4

At the risk of getting redirected to this answer (yes, I read it and spent the last 5 minutes laughing out loud at it), allow me to explain this issue, which is just one in a list of many.

My employer asked me to review a site written in PHP, using Smarty for templates and MySQL as the DBMS. It's currently running very slowly, taking up to 2 minutes (with a entirely white screen through it all, no less) to load completely.

Profiling the code with xdebug, I found a single preg_replace call that takes around 30 seconds to complete, which currently goes through all the HTML code and replaces each URL found to its SEO-friendly version. The moment it completes, it outputs all of the code to the browser. (As I said before, that's not the only issue -the code is rather old, and it shows-, but I'll focus on it for this question.)

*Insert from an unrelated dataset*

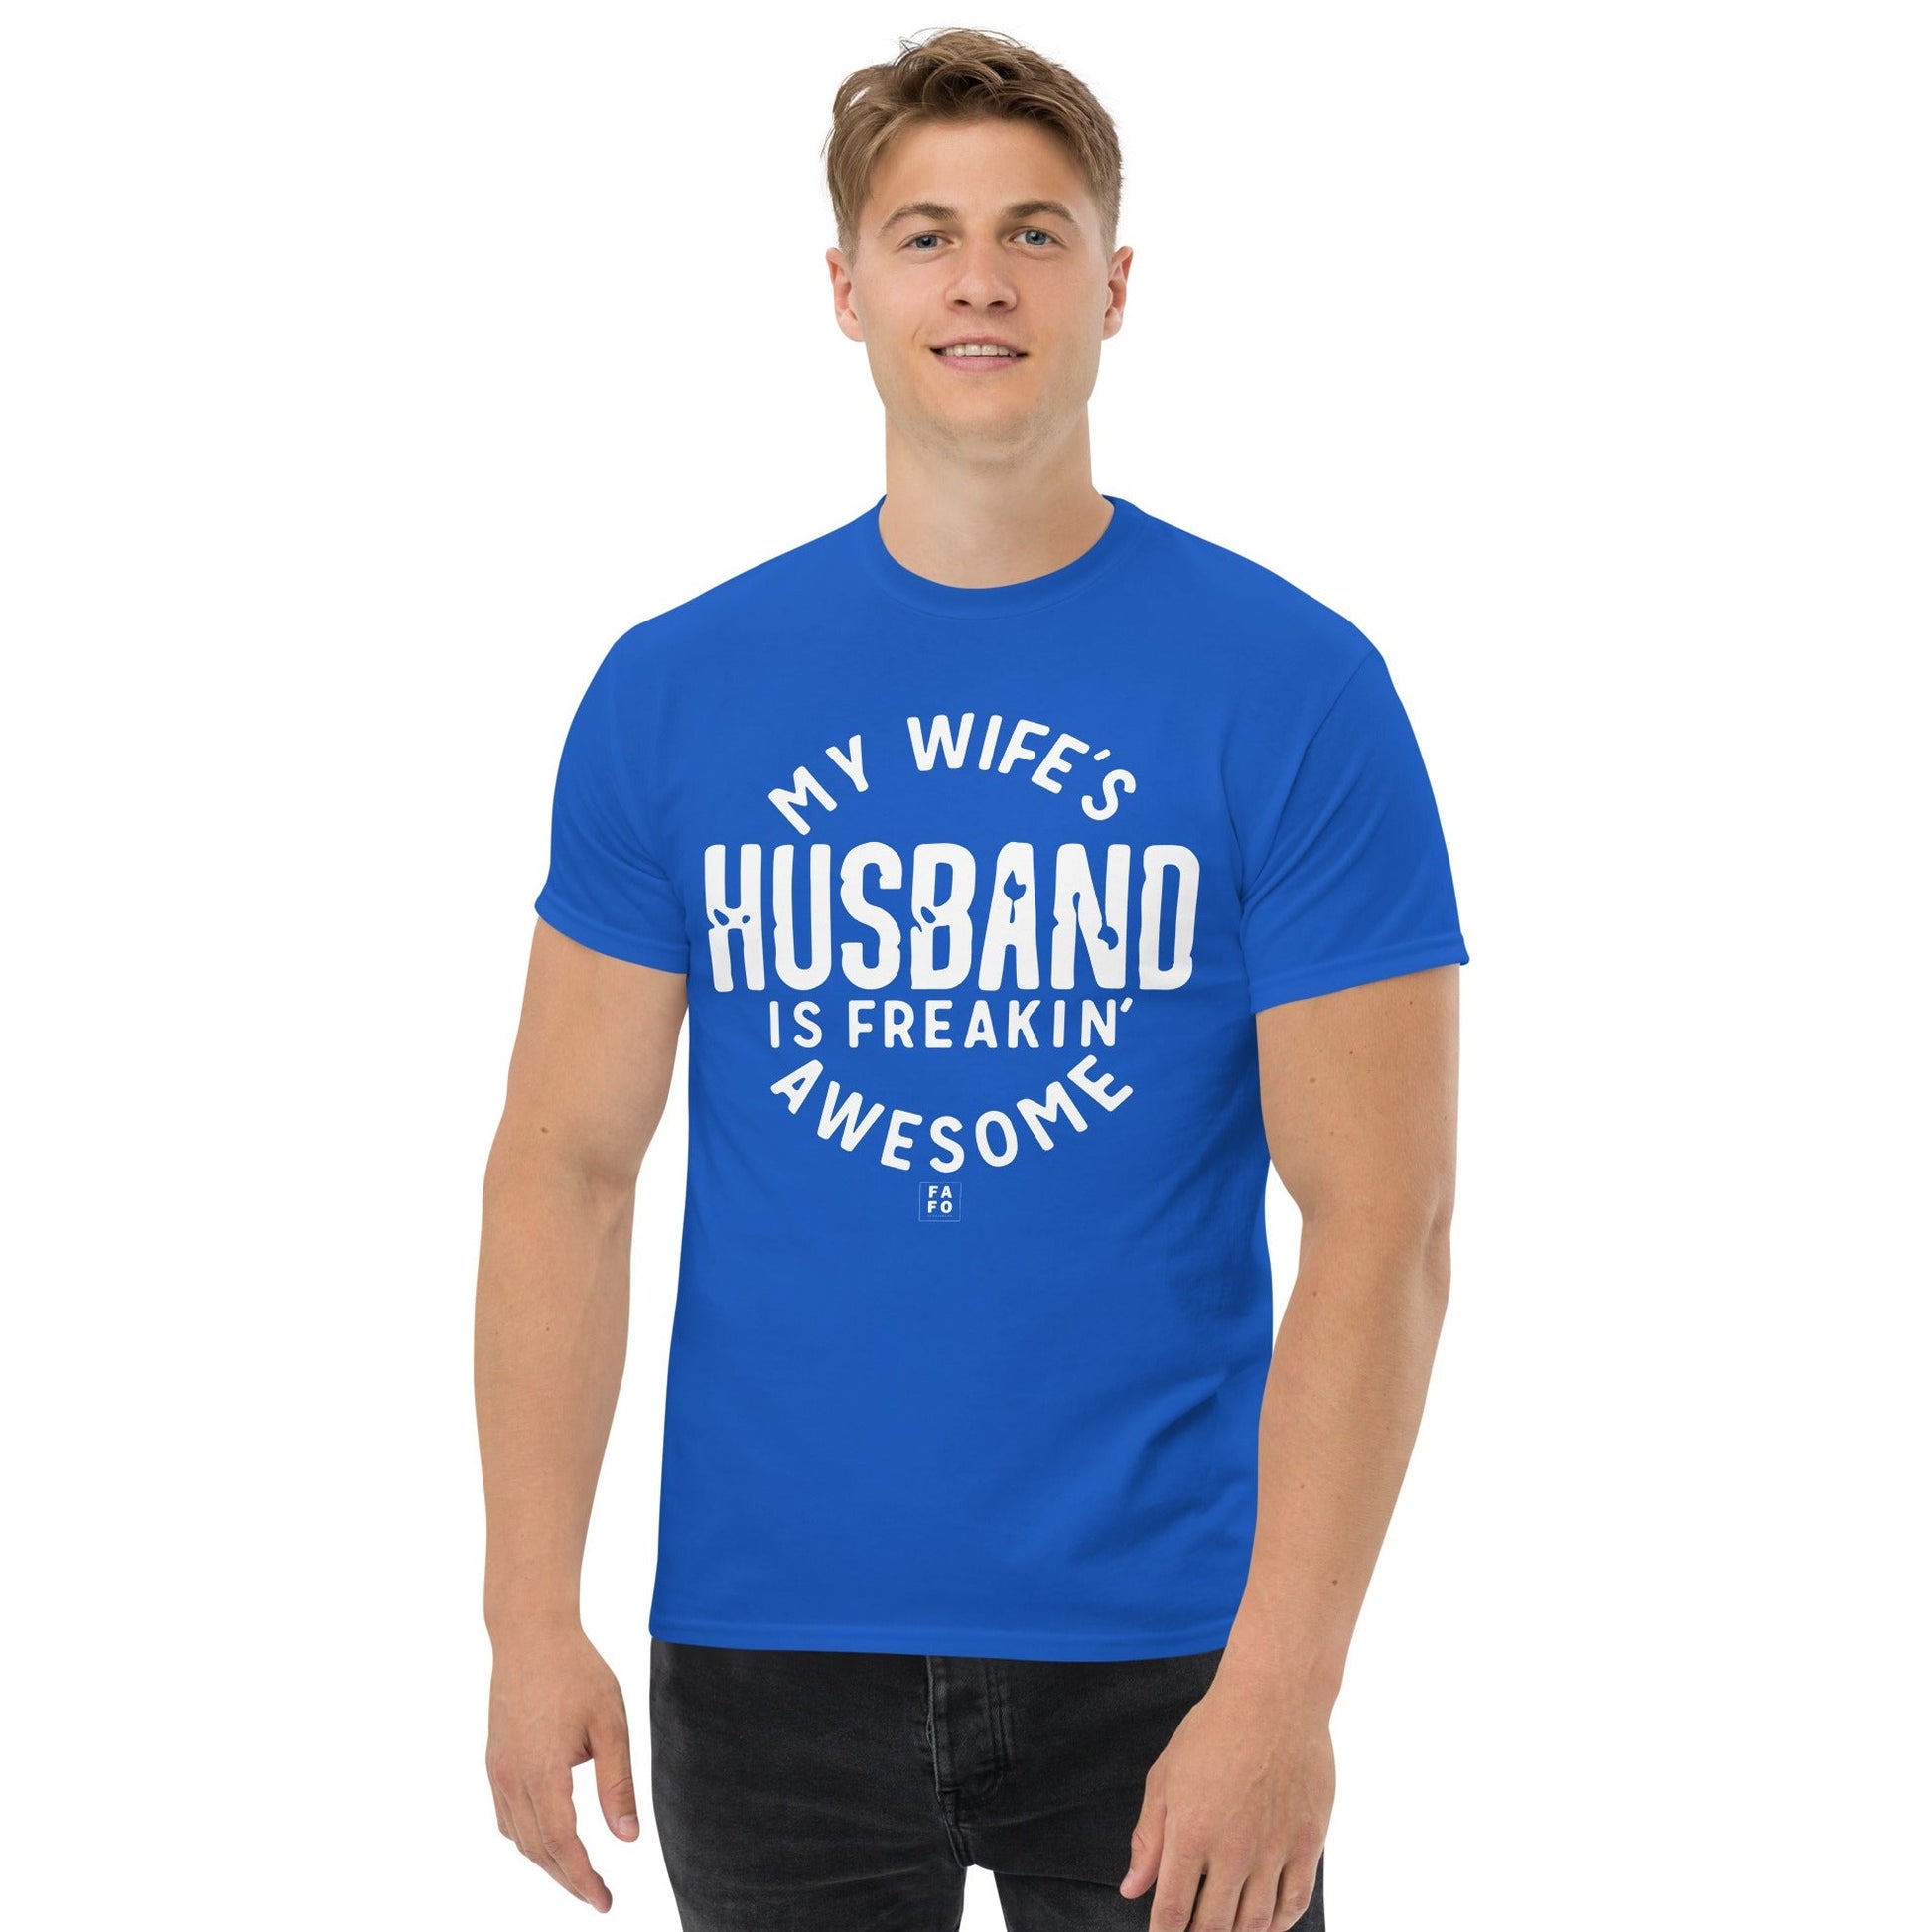 Men's Tee - My Wife's Husband is Awesome - FAFO Sportswear

Digging further into the code, I found that it currently looks through 1702 patterns with each appropriate match (both matches and replacements in equally-sized arrays), which would certainly account for the time it takes.

Code goes like this:

//This is just a call to a MySQL query which gets the relevant SEO-friendly URLs:   
$seourls_data = $oSeoShared->getSeourls();

$url_masks = array();
$seourls = array();
foreach ($seourls_data as $seourl_data)
{
    if ($seourl_data["url"])
    {
        $url_masks[] = "/([\"'\>\s]{1})".$site.str_replace("/", "\/", $seourl_data["url"])."([\#|\"'\s]{1})/";
        $seourls[] = "$1".MAINSITE_URL.$seourl_data["seourl"]."$2";
    }
}

//After filling both $url_masks and $seourls arrays, then the HTML is parsed:
$html_seo = preg_replace($url_masks, $seourls, $html);
//After it completes, $html_seo is simply echo'ed to the browser.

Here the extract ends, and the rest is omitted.